===== Collected material =====
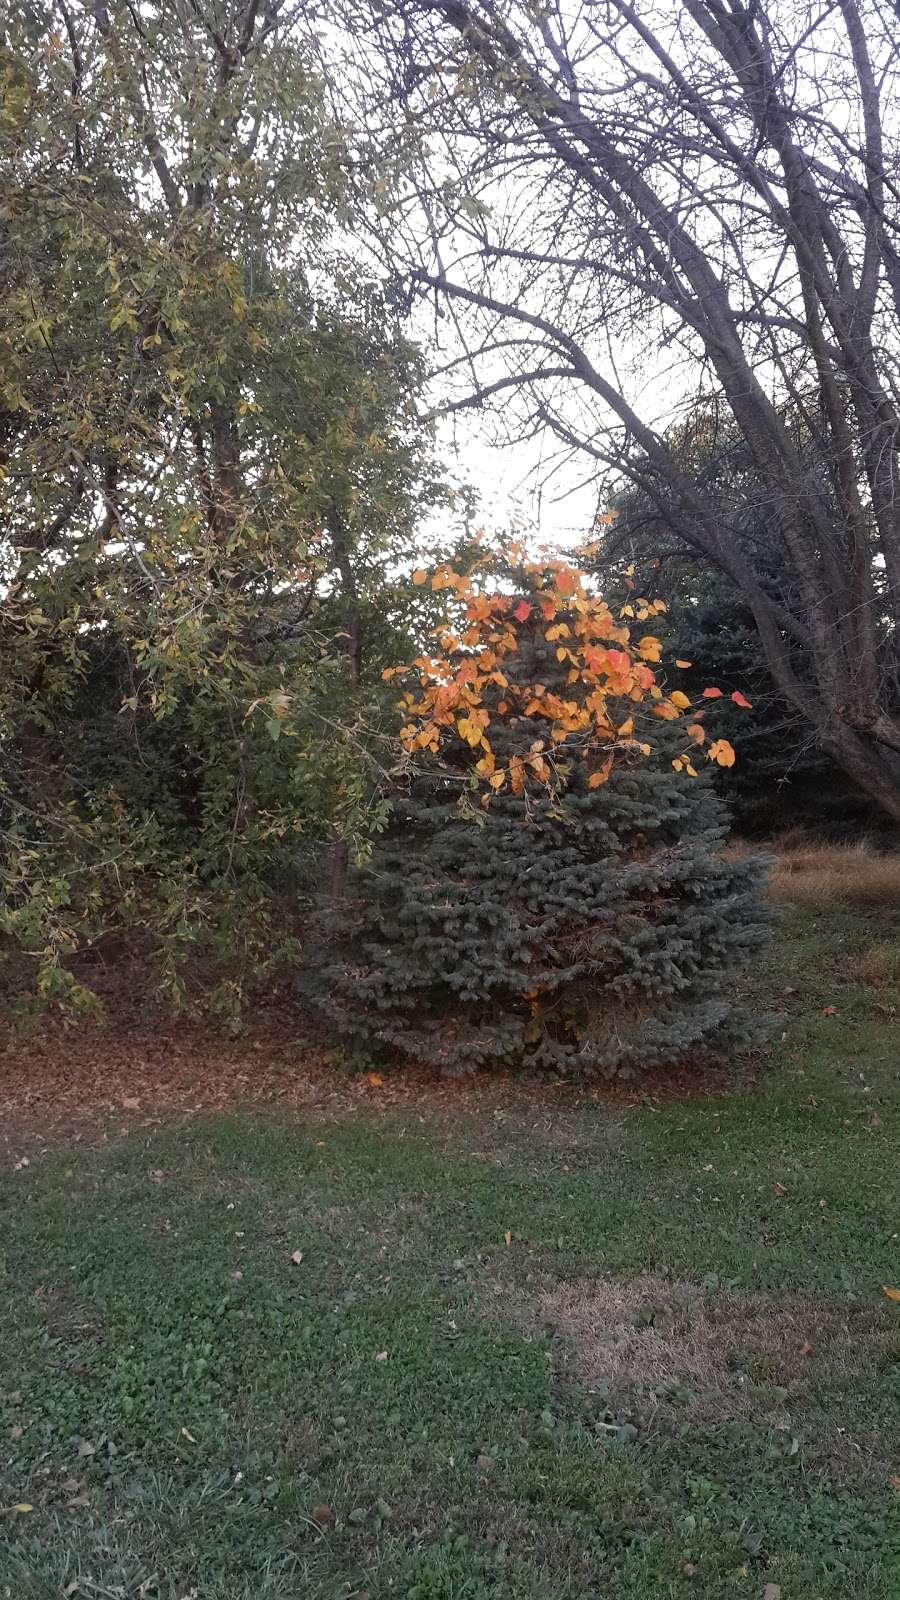 Golden Spa - spa  | Photo 9 of 10 | Address: 2024 Sullivan Trail, Easton, PA 18040, USA | Phone: (610) 879-0053
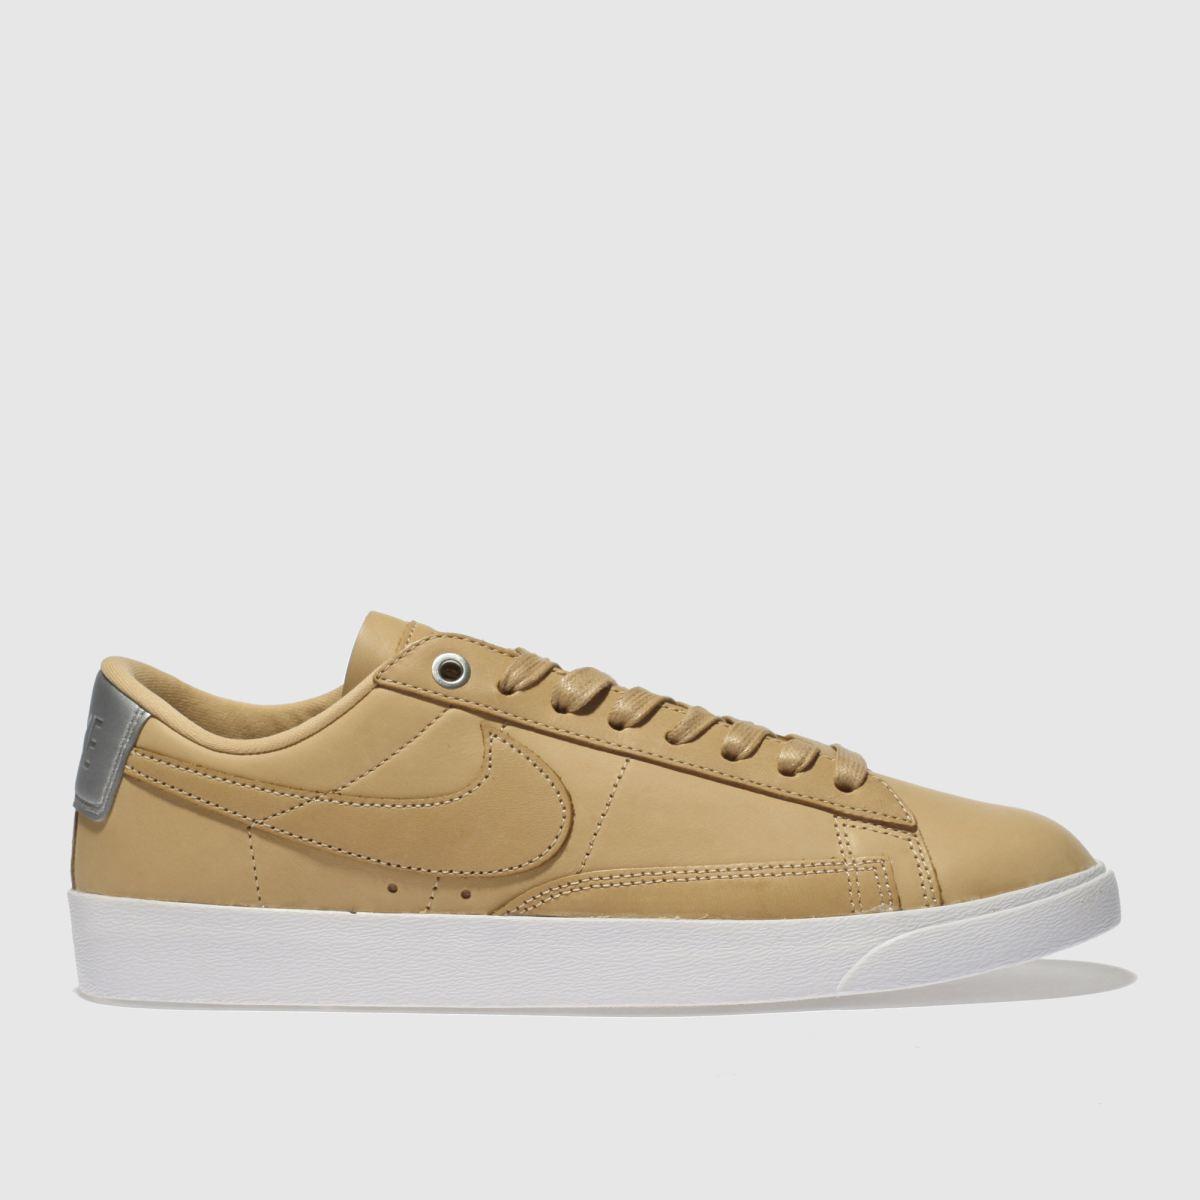 Nike Natural Blazer Low Premium Trainers
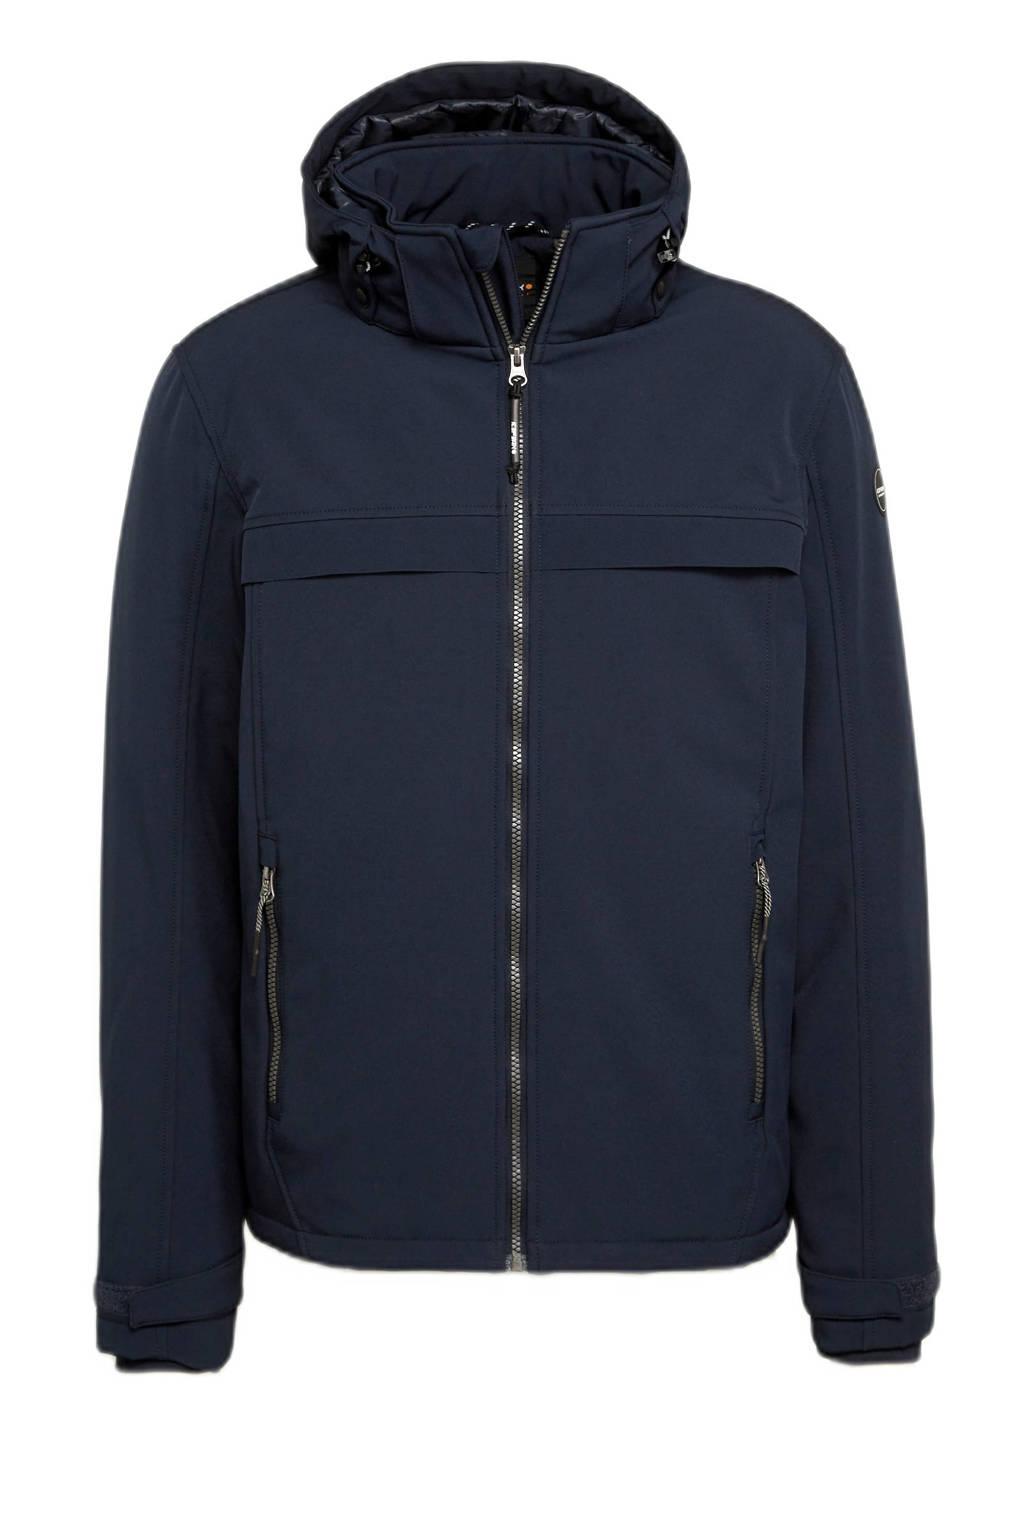 Icepeak  gewatteerde softshell jas Aub donkerblauw, Donkerblauw
=====
## What you will do
Pictures excluded, copy exactly the lines running from the one with "Nike Natural Blazer Low Premium Trainers" through the last line of the material.

## Answer section
 Nike Natural Blazer Low Premium Trainers
 Icepeak  gewatteerde softshell jas Aub donkerblauw, Donkerblauw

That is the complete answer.